Given data:
⟨
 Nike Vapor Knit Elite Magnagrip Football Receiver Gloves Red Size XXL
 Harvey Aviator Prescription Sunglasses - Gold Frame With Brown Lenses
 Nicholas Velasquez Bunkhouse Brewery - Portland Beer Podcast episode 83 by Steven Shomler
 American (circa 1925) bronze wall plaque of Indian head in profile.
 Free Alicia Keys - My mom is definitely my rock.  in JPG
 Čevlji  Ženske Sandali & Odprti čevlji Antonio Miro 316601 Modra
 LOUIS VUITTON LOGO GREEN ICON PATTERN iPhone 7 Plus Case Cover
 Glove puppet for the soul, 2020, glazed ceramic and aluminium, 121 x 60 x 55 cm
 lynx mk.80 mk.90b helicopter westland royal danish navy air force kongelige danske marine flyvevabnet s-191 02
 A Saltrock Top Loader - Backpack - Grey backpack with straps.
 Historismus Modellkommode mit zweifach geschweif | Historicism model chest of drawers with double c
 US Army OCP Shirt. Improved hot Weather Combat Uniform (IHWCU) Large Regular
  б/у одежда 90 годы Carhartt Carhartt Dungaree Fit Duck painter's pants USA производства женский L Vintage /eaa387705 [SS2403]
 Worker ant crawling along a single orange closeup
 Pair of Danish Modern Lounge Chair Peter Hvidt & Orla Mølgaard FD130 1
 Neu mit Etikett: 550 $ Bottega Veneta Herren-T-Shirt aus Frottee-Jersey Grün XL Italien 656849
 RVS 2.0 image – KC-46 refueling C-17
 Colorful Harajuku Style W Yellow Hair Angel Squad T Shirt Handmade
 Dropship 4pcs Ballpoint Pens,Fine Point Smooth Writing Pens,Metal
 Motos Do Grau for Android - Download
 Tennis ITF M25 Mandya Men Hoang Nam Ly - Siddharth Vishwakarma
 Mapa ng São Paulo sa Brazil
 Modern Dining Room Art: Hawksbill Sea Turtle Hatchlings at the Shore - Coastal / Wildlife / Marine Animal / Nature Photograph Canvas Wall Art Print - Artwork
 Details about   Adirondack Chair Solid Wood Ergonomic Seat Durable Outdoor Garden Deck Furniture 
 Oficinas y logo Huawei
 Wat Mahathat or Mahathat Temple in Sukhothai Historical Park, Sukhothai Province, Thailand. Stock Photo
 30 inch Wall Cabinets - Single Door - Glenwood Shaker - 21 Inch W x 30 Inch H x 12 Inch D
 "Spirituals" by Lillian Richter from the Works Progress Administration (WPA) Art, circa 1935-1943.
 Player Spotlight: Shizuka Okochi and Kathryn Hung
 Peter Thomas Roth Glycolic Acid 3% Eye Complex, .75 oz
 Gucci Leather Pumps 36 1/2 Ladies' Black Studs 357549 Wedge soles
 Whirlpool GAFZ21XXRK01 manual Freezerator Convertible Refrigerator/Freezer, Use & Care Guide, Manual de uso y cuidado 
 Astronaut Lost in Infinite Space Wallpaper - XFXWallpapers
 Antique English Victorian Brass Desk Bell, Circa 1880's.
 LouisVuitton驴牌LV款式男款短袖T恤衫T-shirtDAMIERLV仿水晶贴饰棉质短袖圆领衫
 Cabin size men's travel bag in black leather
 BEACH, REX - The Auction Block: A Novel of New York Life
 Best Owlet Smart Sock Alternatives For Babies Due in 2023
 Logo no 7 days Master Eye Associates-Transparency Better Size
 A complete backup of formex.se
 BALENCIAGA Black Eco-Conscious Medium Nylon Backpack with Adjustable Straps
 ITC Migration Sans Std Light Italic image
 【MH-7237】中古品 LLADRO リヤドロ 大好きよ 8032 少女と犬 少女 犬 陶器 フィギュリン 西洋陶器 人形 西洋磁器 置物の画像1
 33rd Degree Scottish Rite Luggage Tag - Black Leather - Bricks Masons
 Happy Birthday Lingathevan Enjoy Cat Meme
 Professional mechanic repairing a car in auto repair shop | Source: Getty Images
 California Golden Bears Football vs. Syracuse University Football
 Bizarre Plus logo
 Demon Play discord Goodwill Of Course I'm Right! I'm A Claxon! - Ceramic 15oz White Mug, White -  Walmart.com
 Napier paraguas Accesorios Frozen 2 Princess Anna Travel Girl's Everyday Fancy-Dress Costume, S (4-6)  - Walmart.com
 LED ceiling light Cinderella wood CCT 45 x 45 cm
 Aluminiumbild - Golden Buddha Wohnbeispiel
⟩
Exercise:
Scan the material above for the word "Modern", and copy each line where it appears.

Task response:
 Pair of Danish Modern Lounge Chair Peter Hvidt & Orla Mølgaard FD130 1
 Modern Dining Room Art: Hawksbill Sea Turtle Hatchlings at the Shore - Coastal / Wildlife / Marine Animal / Nature Photograph Canvas Wall Art Print - Artwork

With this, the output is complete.